- Suusamyr Too Location within Kyrgyzstan

Highest point
- Elevation: 4,048 m (13,281 ft)

Dimensions
- Length: 126 km (78 mi) E–W
- Width: 31 km (19 mi) N–S

Naming
- Etymology: Possibly from Sygun Samur, recorded by Mahmud al-Kashgari; interpreted as Kyrgyz suu samyry ("water beaver").

Geography
- Country: Kyrgyzstan
- Region(s): Naryn Region, Jalal-Abad Region
- District(s): Jumgal District, Toktogul District
- Range coordinates: 42°08′N 73°15′E﻿ / ﻿42.133°N 73.250°E

Geology
- Rock type(s): Gabbro, diorite, granite, gneiss, schist, sandstone, limestone, tuff

= Suusamyr Too =

Suusamyr Too (Суусамыр тоо кыркасы) is a mountain range in the Inner Tian Shan of Kyrgyzstan. It forms the southwestern margin of the Suusamyr Valley and the northeastern margin of the Ketmen-Töbö Valley. The range extends for approximately 126 km from the Kökömeren River valley and the Kara-Küngöy and Sary-Kamysh mountains in the east to the Talas Ala-Too–Chatkal Range mountain junction in the west, reaching a maximum width of 31 km. Its average elevation is about 3500 m, while its highest summit reaches 4048 m.

==Etymology==
Possibly derived from Sygun Samur, a place name recorded by Mahmud al-Kashgari in the 11th-century Dīwān Lughāt al-Turk. According to one interpretation, samur is an Iranian word meaning "beaver" or "otter", and the name Suusamyr may therefore mean "water beaver" (Kyrgyz: suu samyry ). In modern geographical usage, the name Suusamyr refers not only to the valley but also to several related geographic features in Kyrgyzstan, including the Suusamyr Too, Suusamyr Pass, and Suusamyr River.
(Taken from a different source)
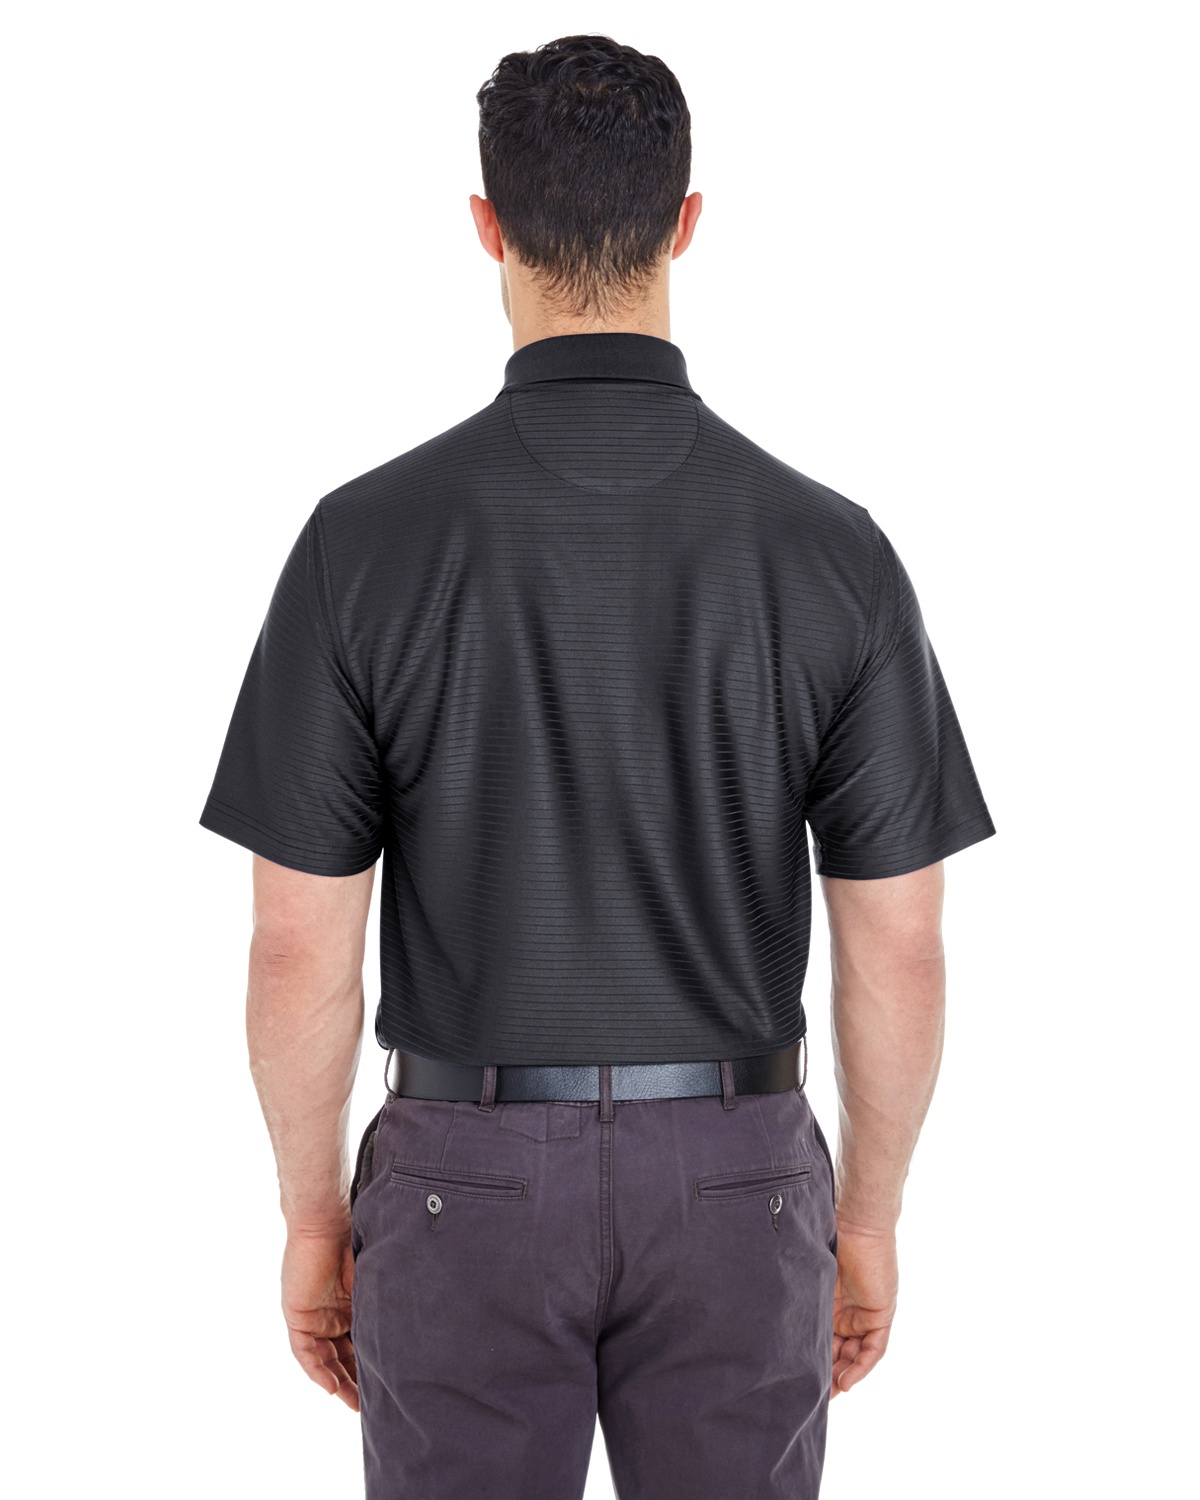 'UltraClub 8413 Men's Cool & Dry Elite Tonal Stripe Performance Polo Shirt'
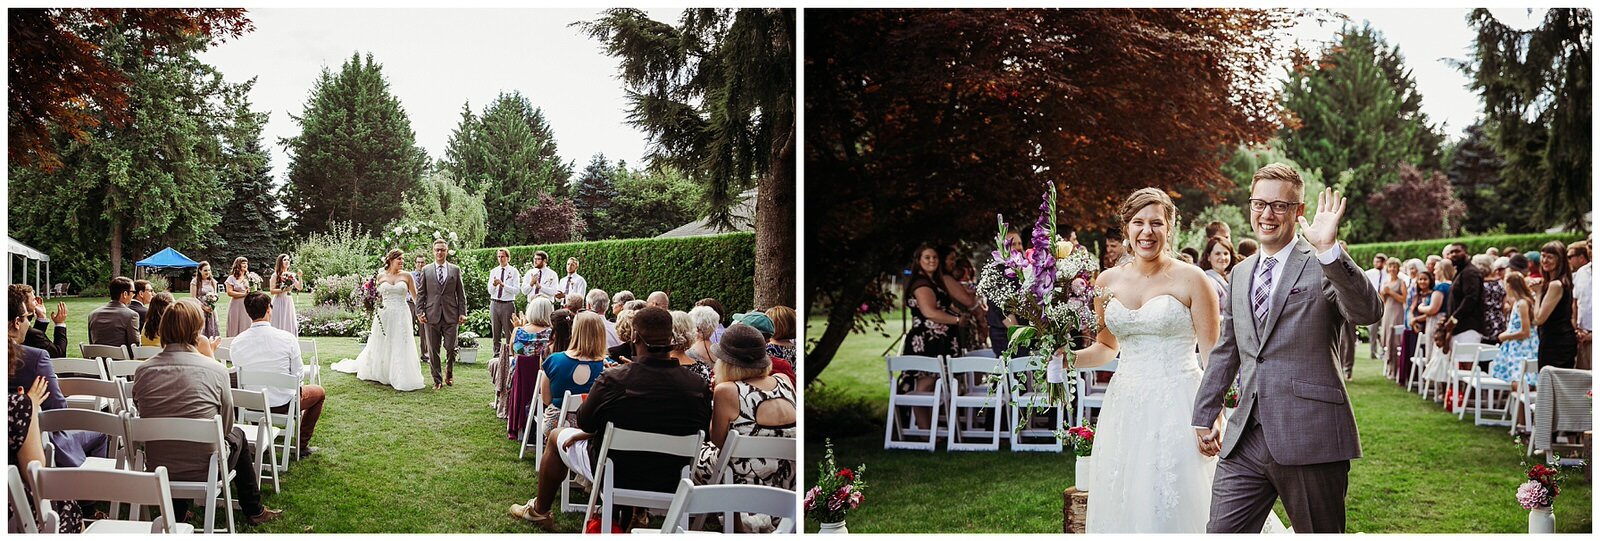 backyard+wedding+ceremony+chilliwack+abbotsford+photographer (43).jpg

== Geography and Relief ==
The range consists predominantly of weakly dissected granitic ridges with pyramidal peaks. Perennial snowfields occupy basin-like depressions at the headwaters of rivers, and small retreating glaciers occur in some cirques. U-shaped valleys and morainic deposits provide evidence of former glaciation.
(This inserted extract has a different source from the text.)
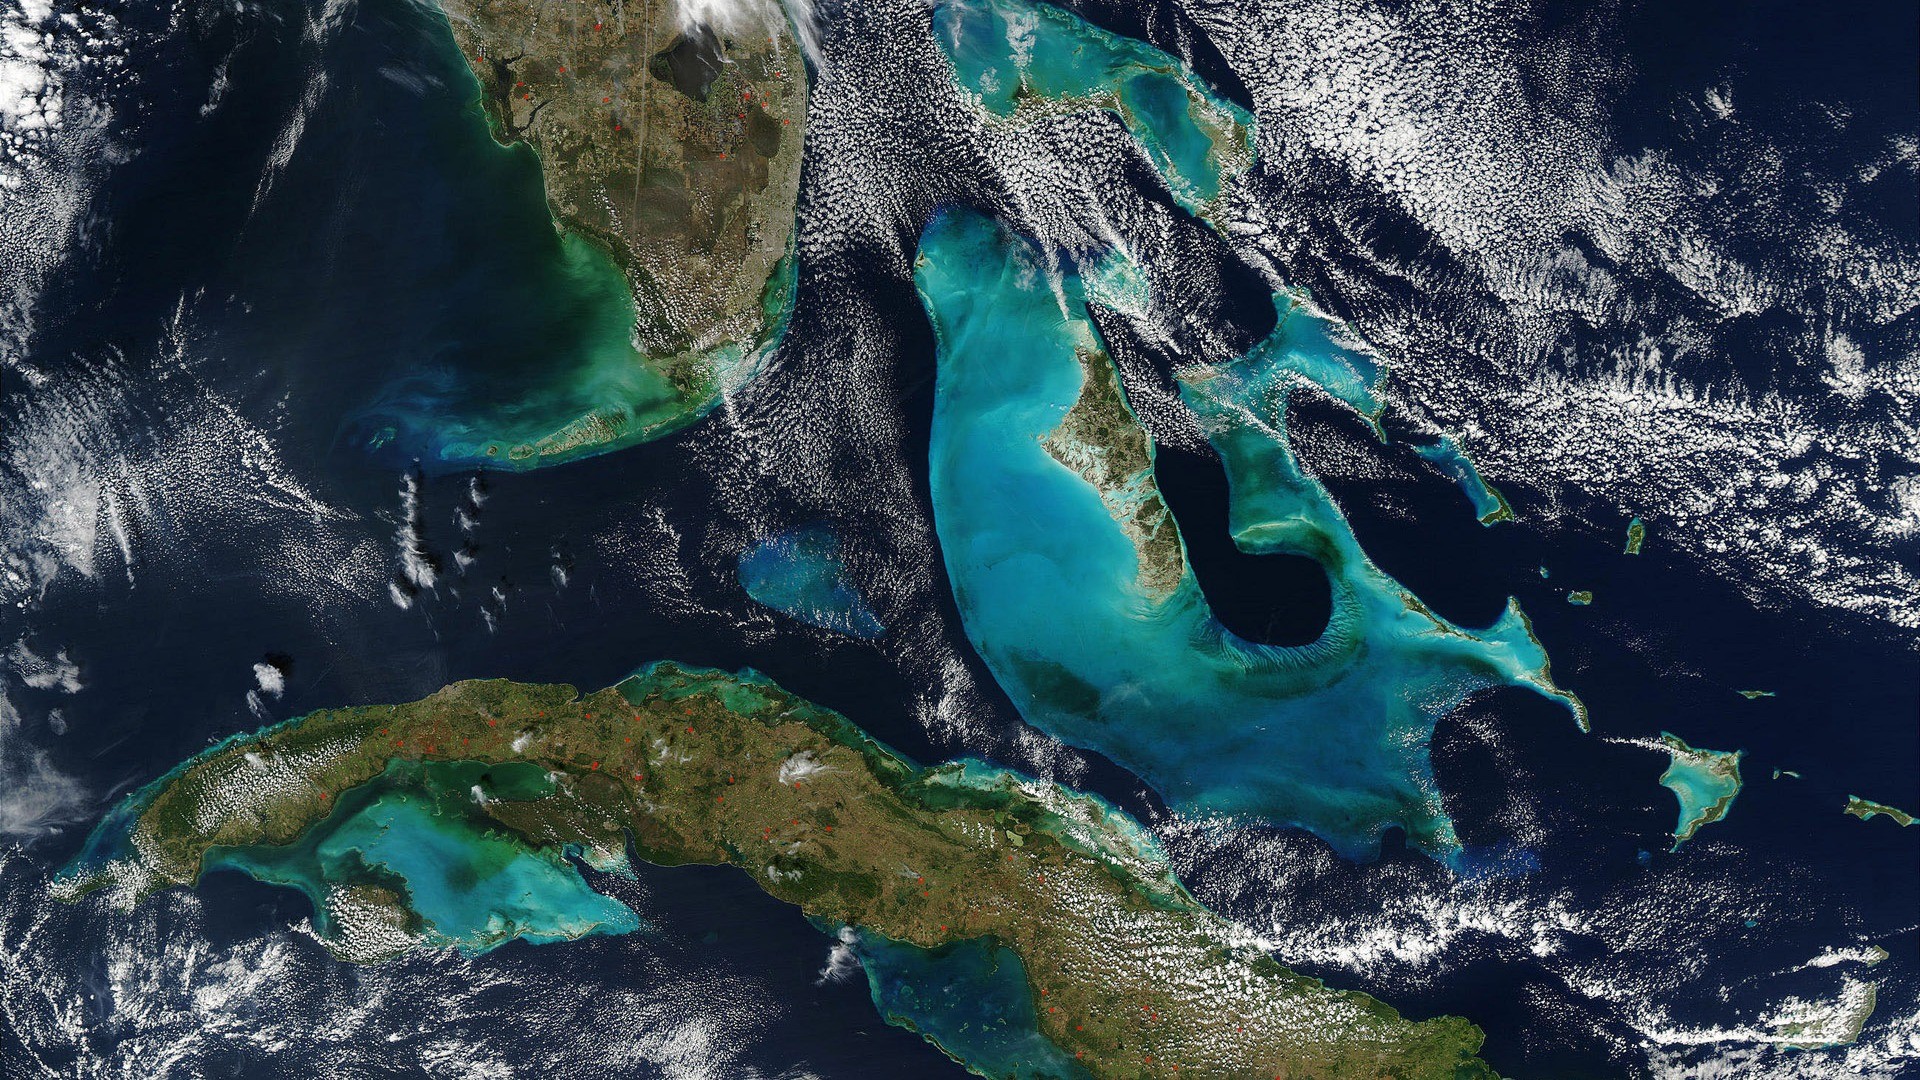 Hd Wallpaper Beautiful Bird S Eye View Of Earth - Bahamas View From Space - HD Wallpaper

The northeastern slopes are comparatively gentle and locally exhibit stepped relief, whereas the southwestern slopes descending toward the Ketmen-Töbö Valley are more rugged and deeply dissected by valleys and gorges formed by the right-bank tributaries of the Naryn River.

According to Kyrgyz geographical sources, the northern slope is relatively short and characterized by rolling uplands, while the southern slope is broader with low foothills. Near the Kökömeren River, the range becomes steep and rocky, and its slopes are cut by numerous river valleys, including the gorges of the Chychkan and Toluk rivers.

== Geology ==

The range is composed predominantly of intrusive rocks formed during various stages of the Caledonian orogeny, including gabbro, diorite, and granite. In some areas, Precambrian, Cambrian, and Ordovician gneiss, crystalline schist, sandstone, limestone, and tuff occur. Intermontane depressions and river valleys contain Quaternary sediments. The range is crossed by major tectonic faults.

== Glaciation ==

The total glacier area is about 25 km2. Evidence of ancient glaciation is also present.

== Landscapes ==

Vegetation changes with elevation. The northern slopes are characterized by dry feather-grass and wormwood steppe up to about 2,200 m, meadow-steppe up to 2,600 m, subalpine meadows up to 3,200 m, and alpine meadows above that elevation. The southern slopes feature semi-desert landscapes below 1,200 m, steppe and meadow-steppe between 1,200 and 2,200 m, tall-grass meadows up to 3,000 m, subalpine and alpine meadows above 3,000 m, and a glacial–nival zone above 3,700–3,800 m.

The range is widely used as summer pasture.